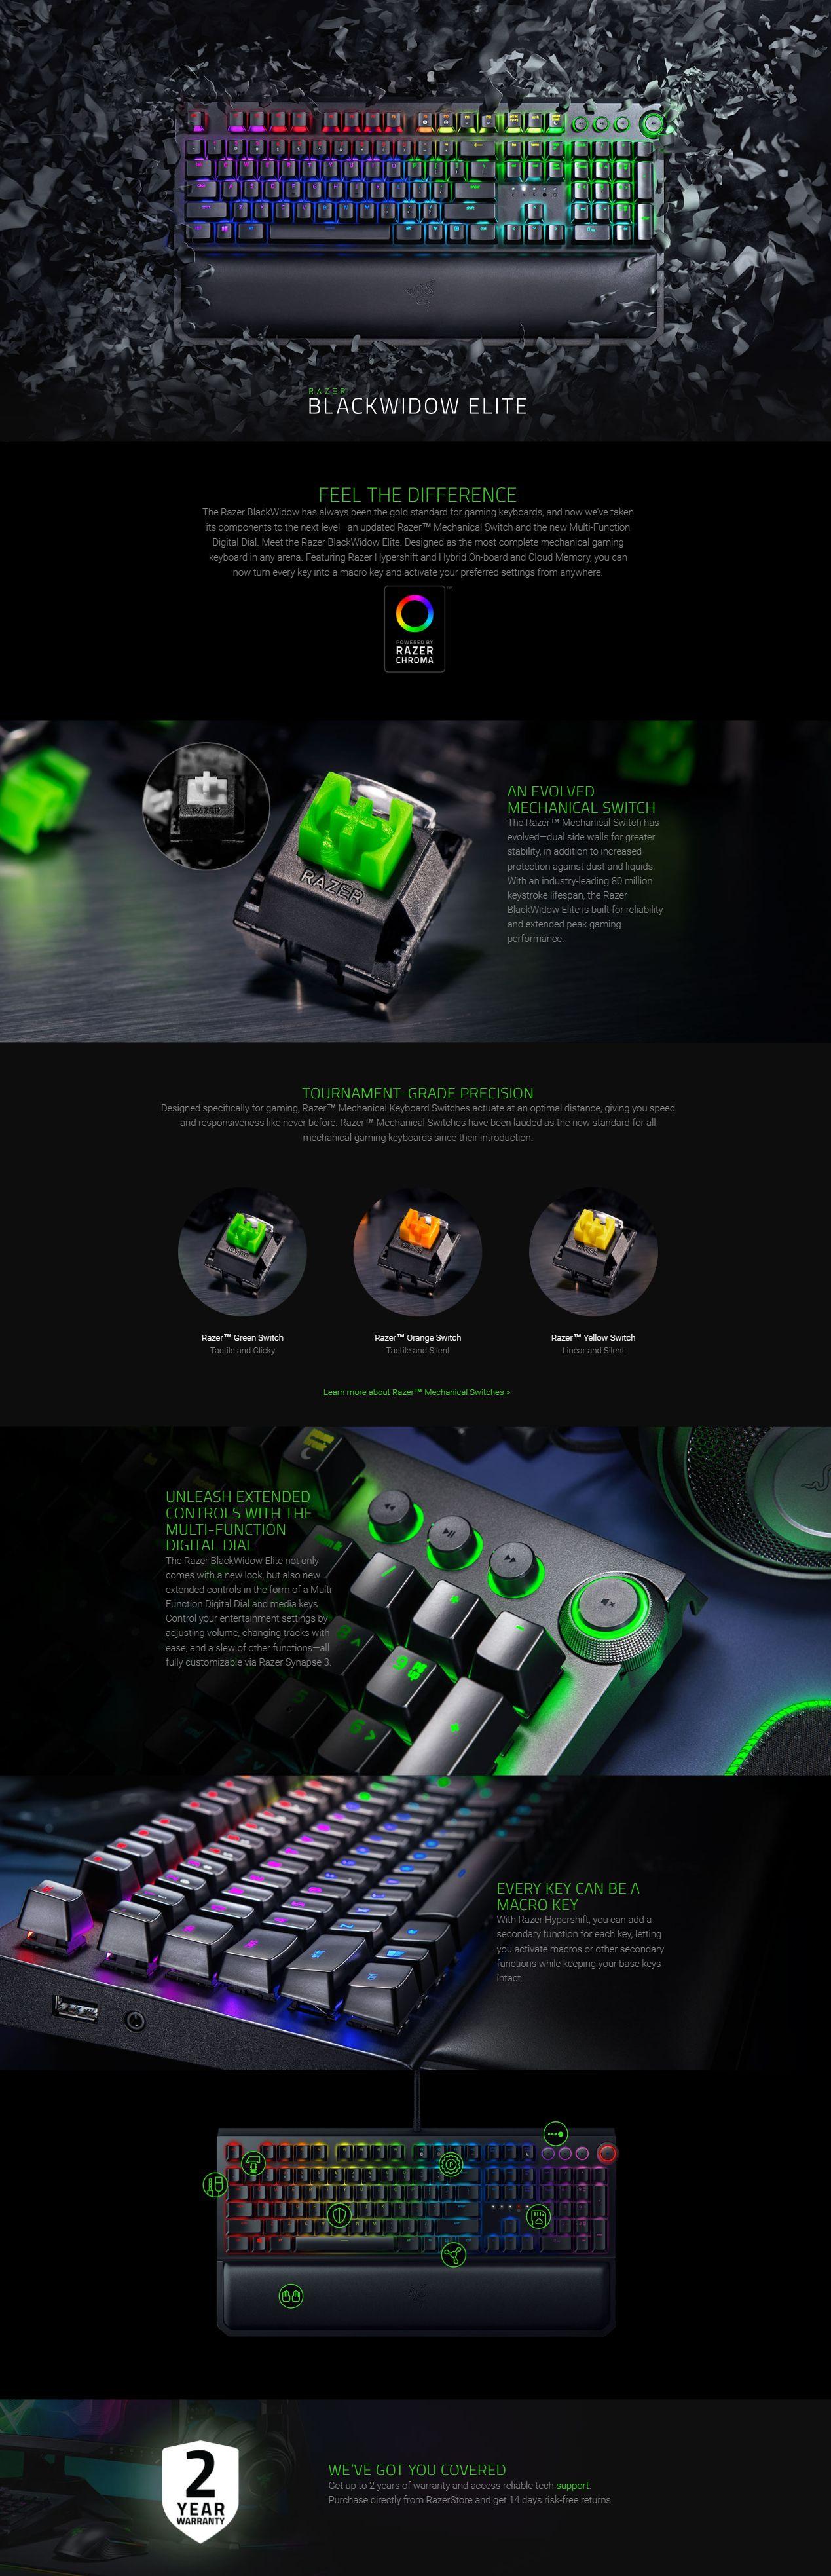 Razer BlackWidow Elite Chroma Mechanical Gaming Keyboard - Green Switch
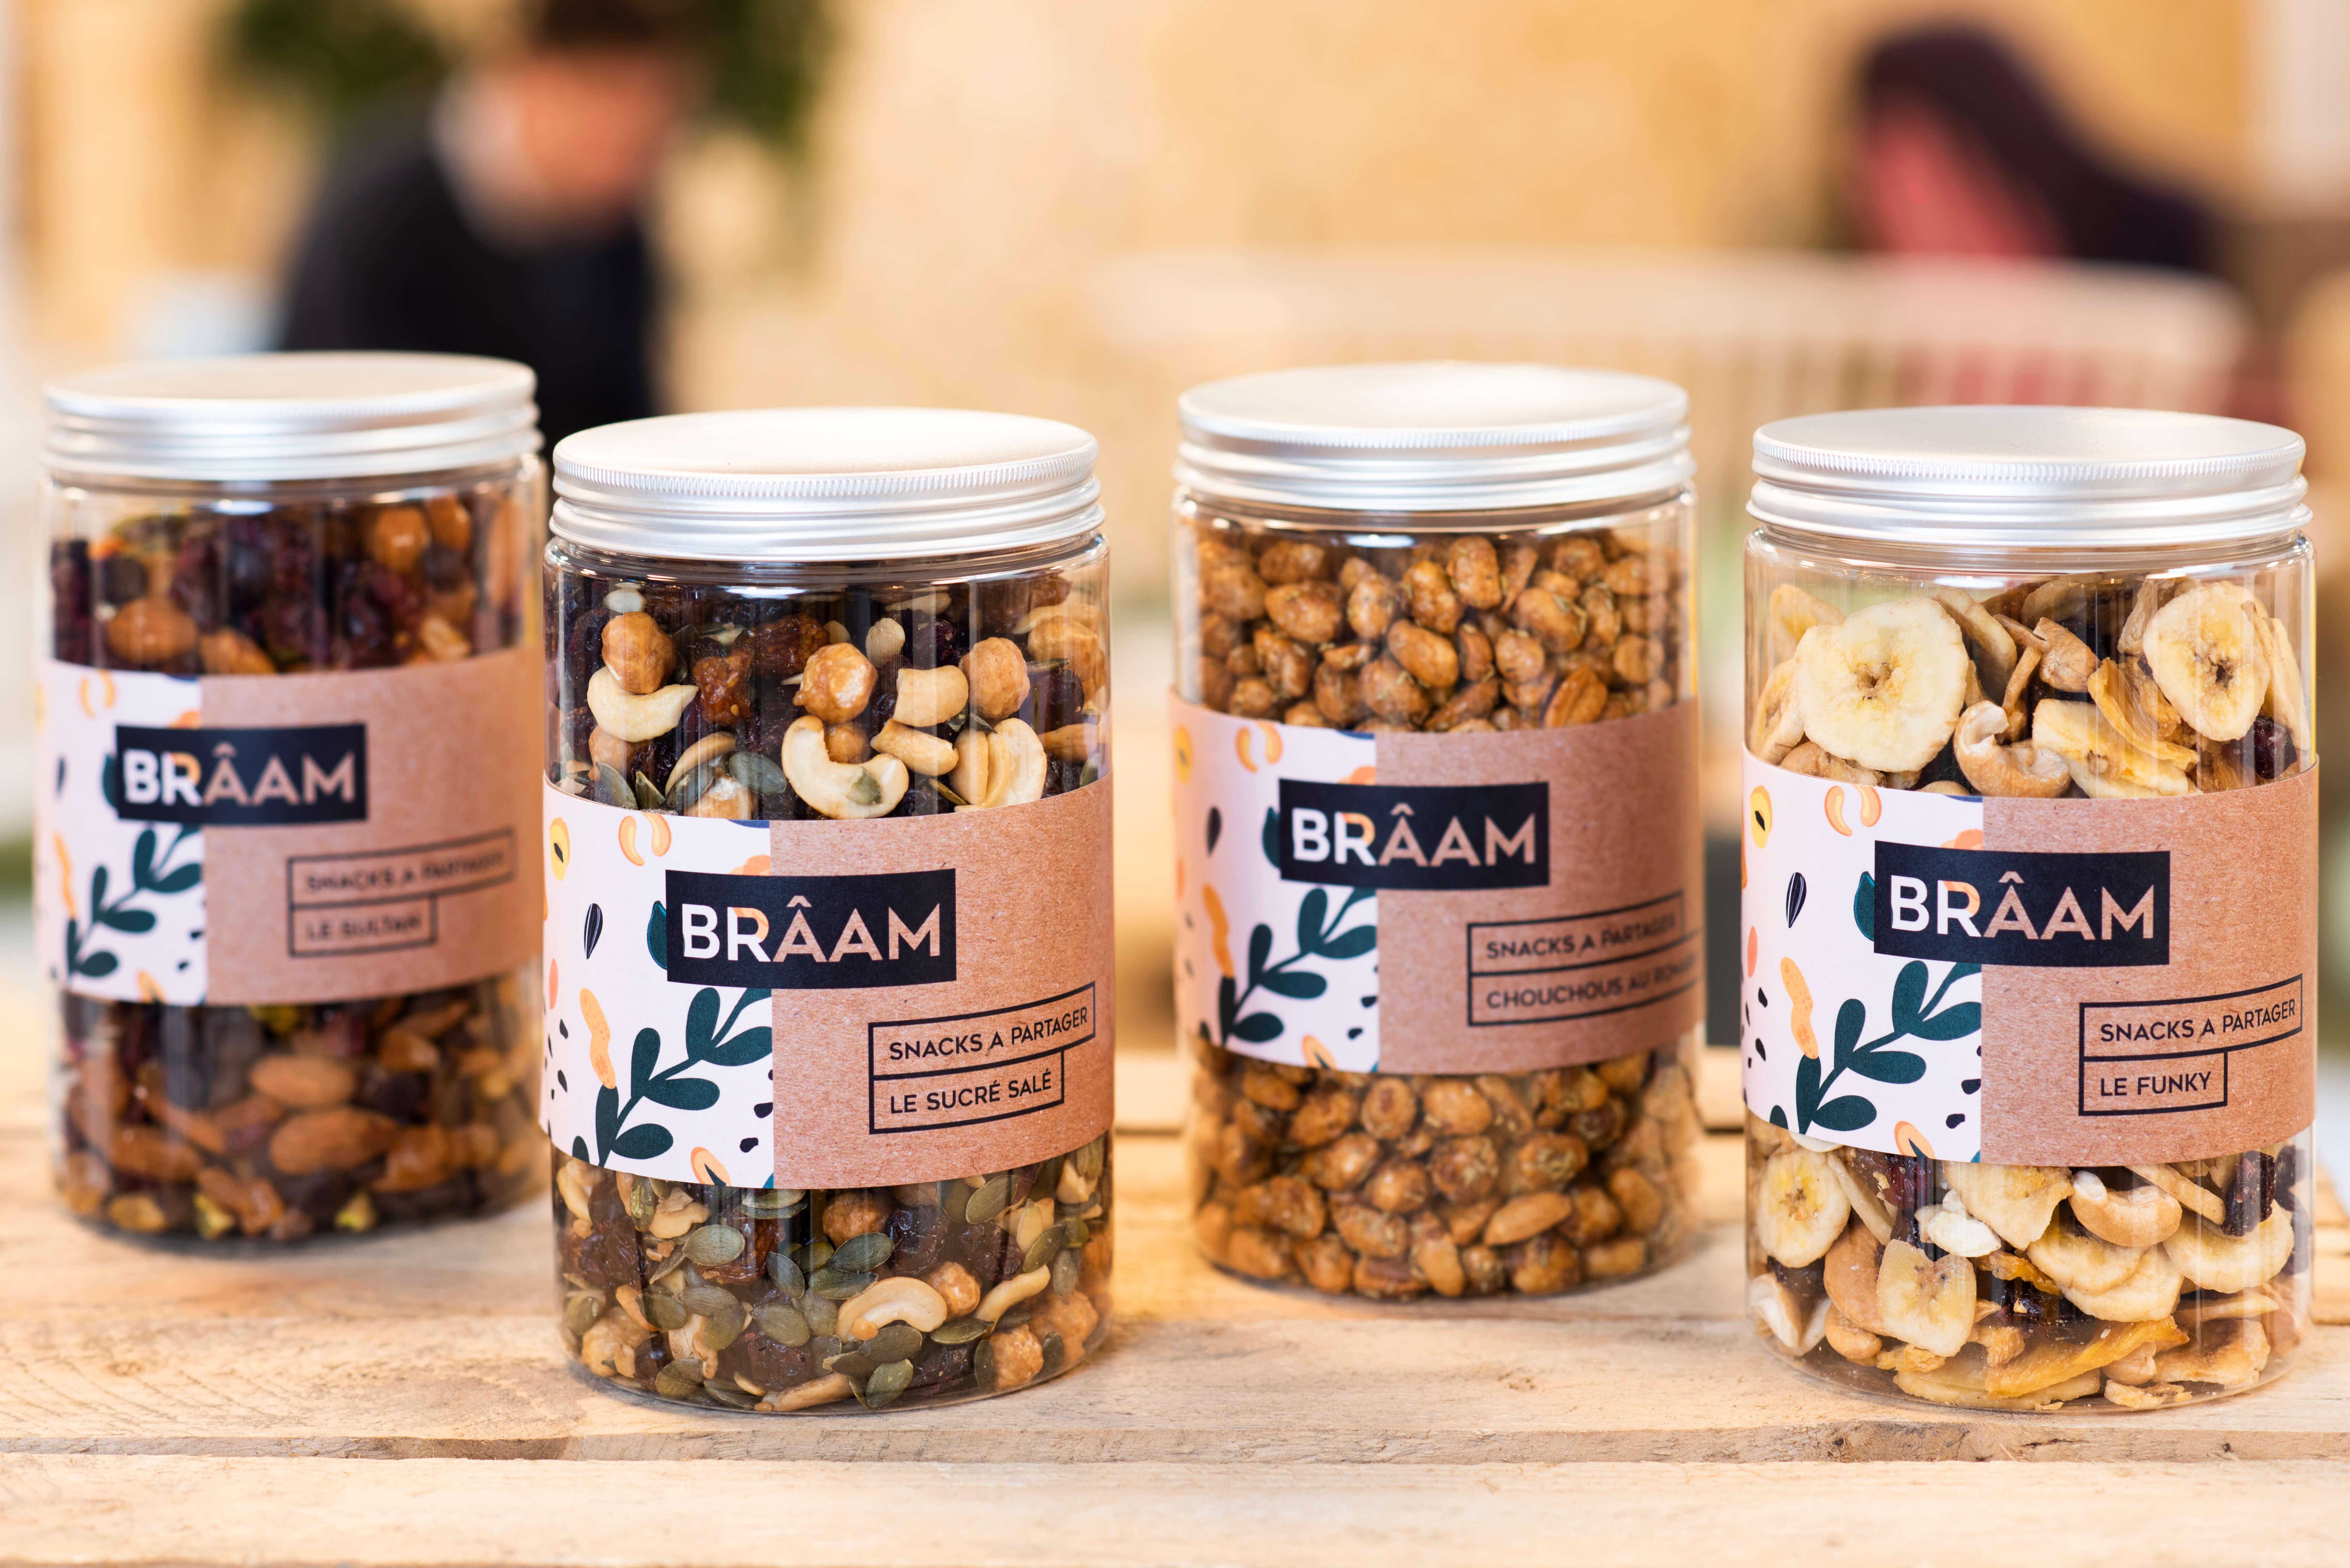 barattoli cereali braam sostenibili
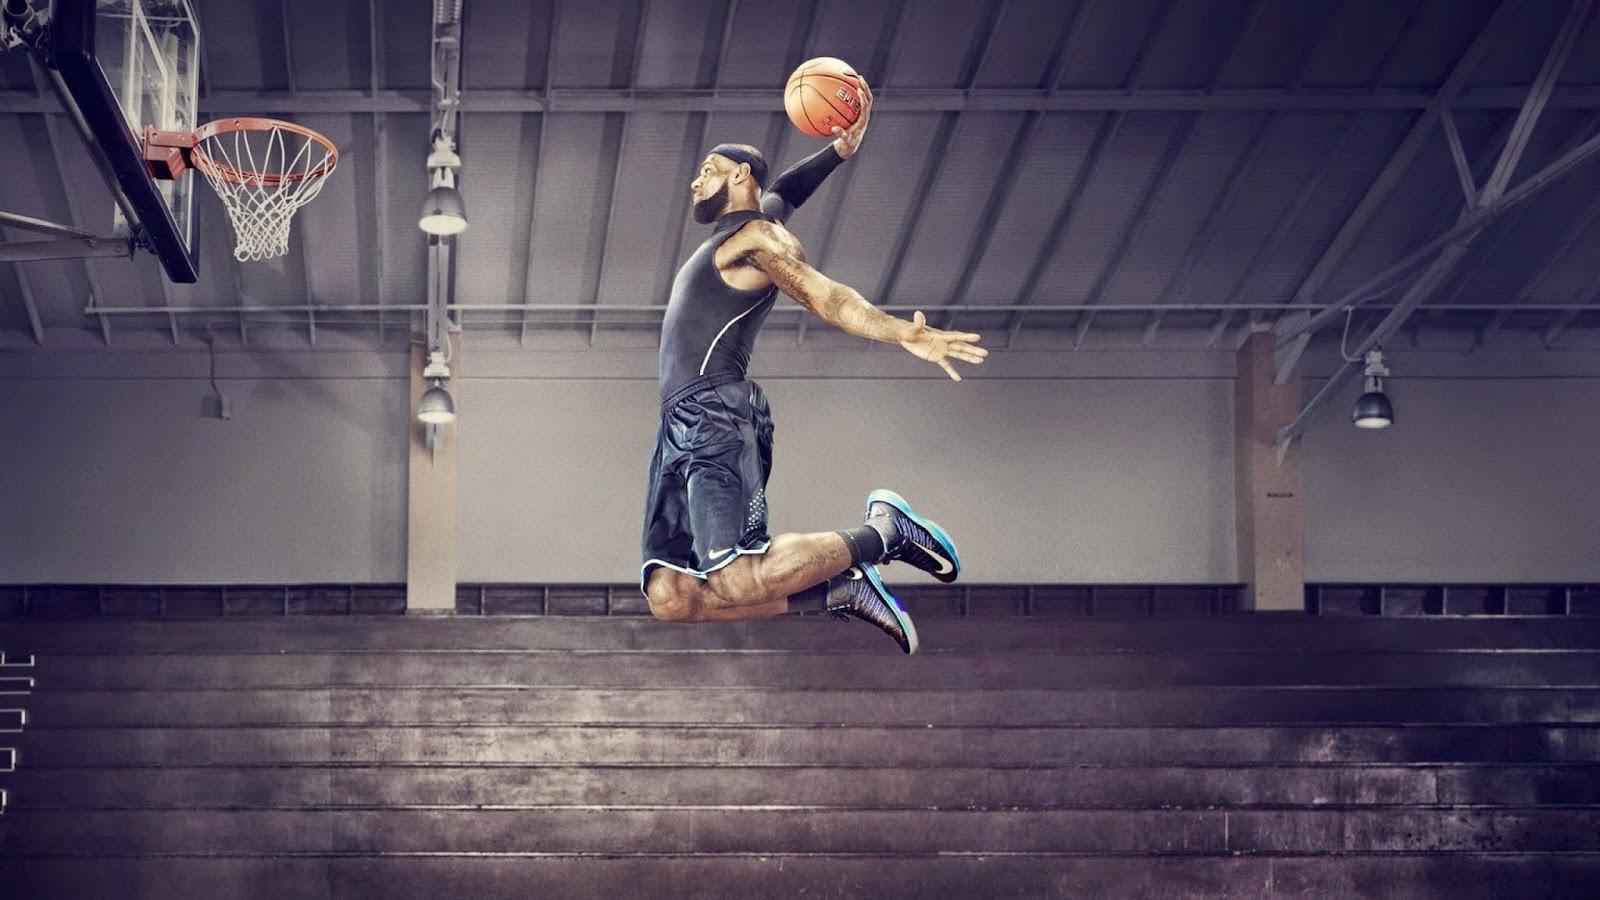 Desktop Wallpaper    Gallery    Miscellaneous    Nike Basketball

## EXERCISE PROMPT
Exactly as written, copy out the listing, but without any pictures.

## EXERCISE ANSWER
 Razer BlackWidow Elite Chroma Mechanical Gaming Keyboard - Green Switch
 barattoli cereali braam sostenibili
 Desktop Wallpaper    Gallery    Miscellaneous    Nike Basketball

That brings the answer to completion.